Set down all of the data that follows word for word, without the images.

# GIVEN DATA:
◆ ◆ ◆ ◆ ◆ ◆ ◆
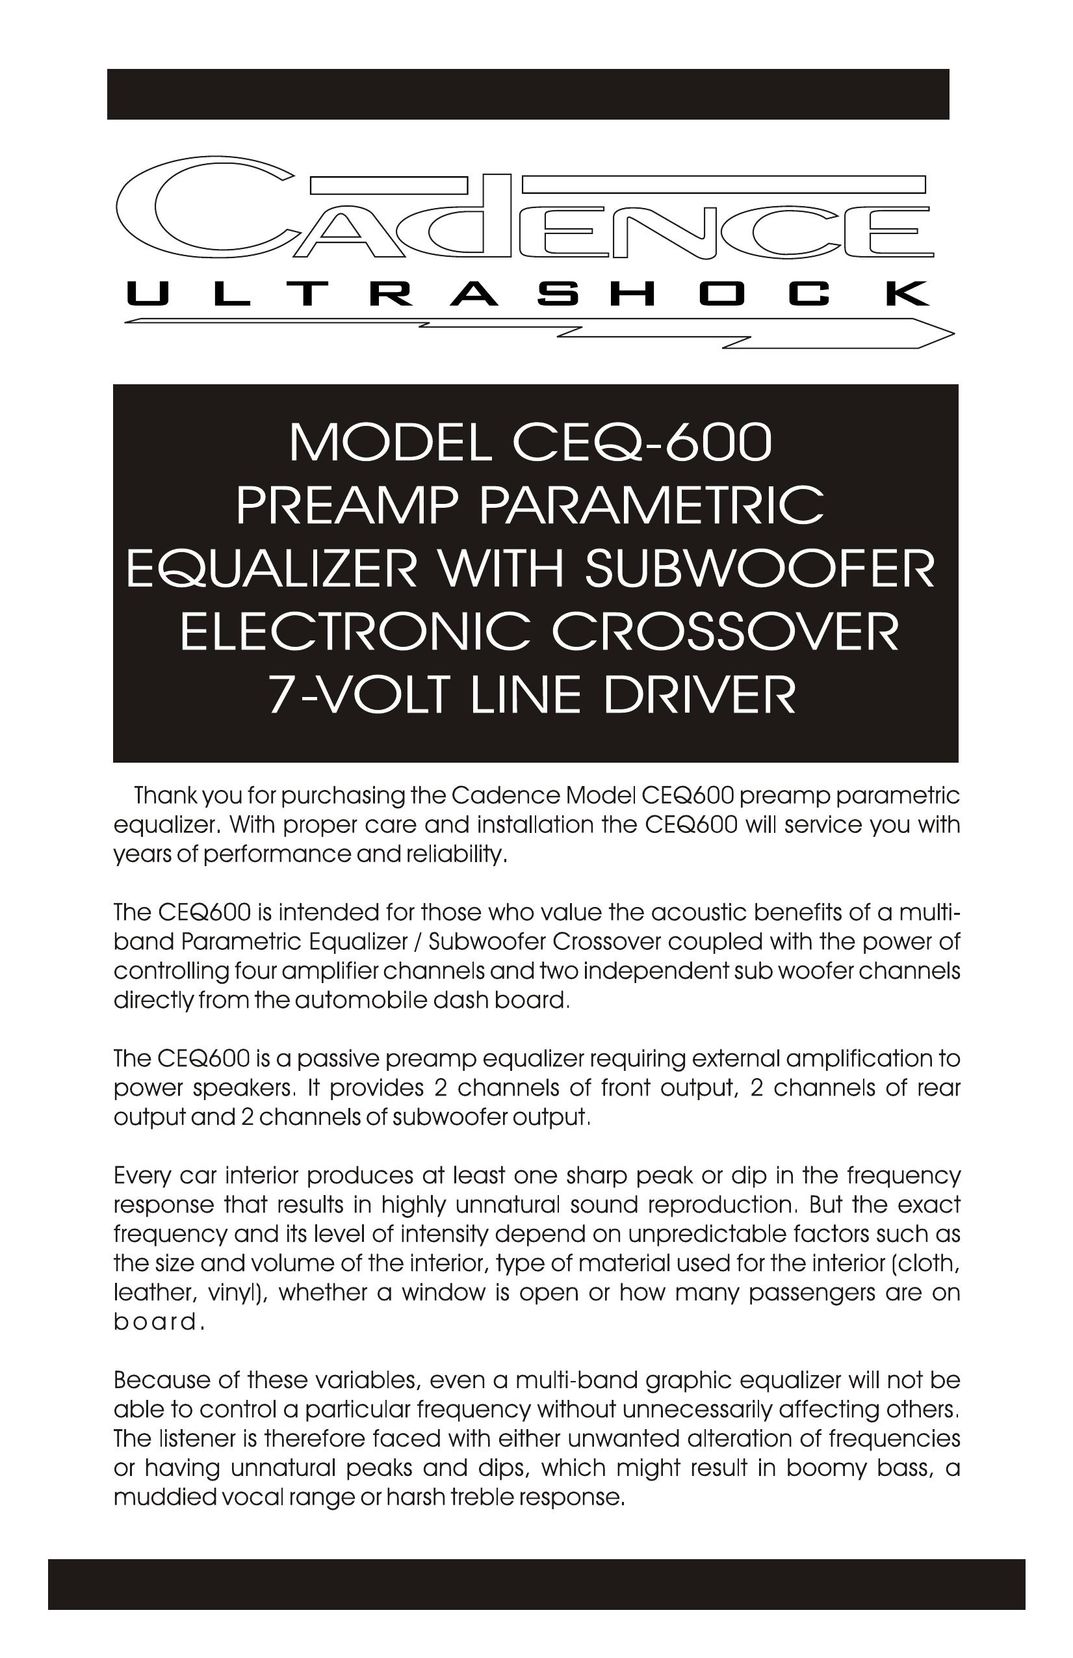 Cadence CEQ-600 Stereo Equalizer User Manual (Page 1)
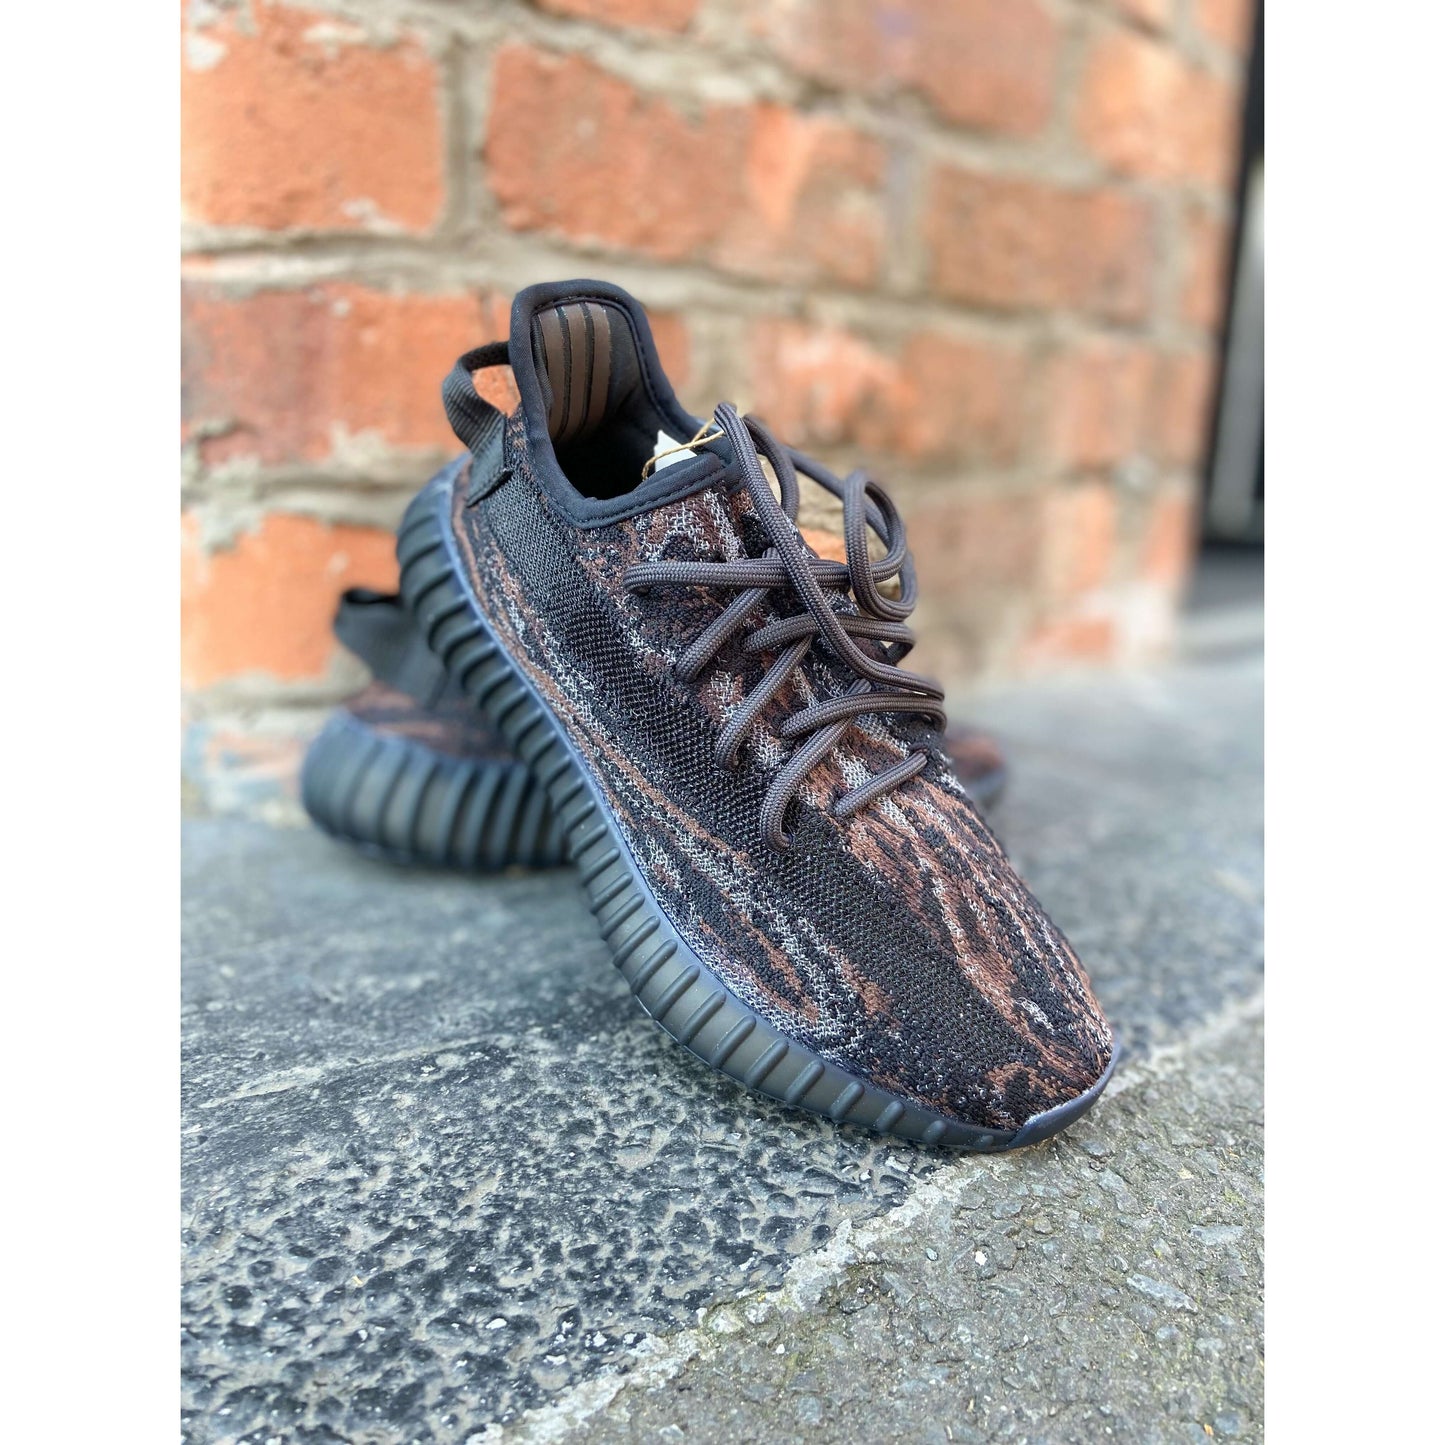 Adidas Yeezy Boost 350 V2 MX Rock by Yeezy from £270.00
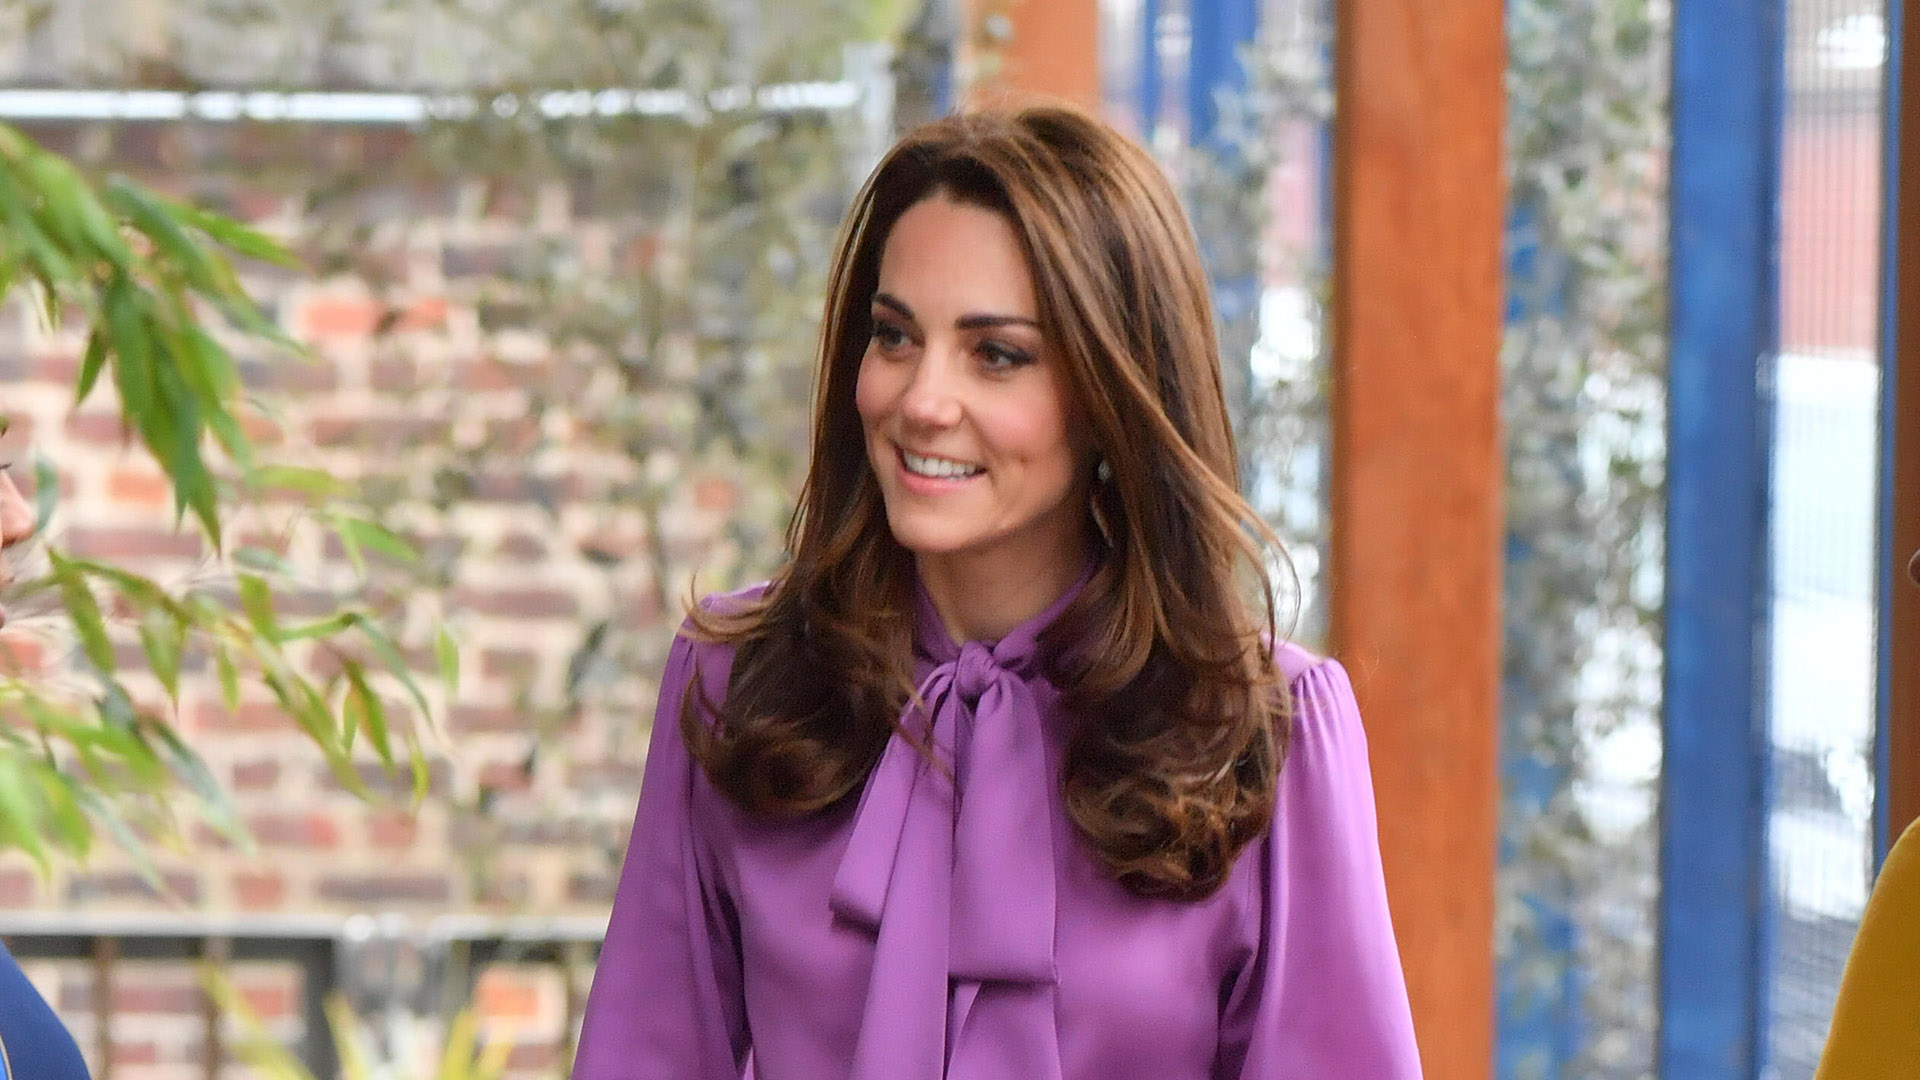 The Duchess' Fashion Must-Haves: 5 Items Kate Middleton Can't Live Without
◆ ◆ ◆ ◆ ◆ ◆ ◆
# OUTPUT OF THE EXERCISE:
 Cadence CEQ-600 Stereo Equalizer User Manual (Page 1)
 Adidas Yeezy Boost 350 V2 MX Rock by Yeezy from £270.00
 The Duchess' Fashion Must-Haves: 5 Items Kate Middleton Can't Live Without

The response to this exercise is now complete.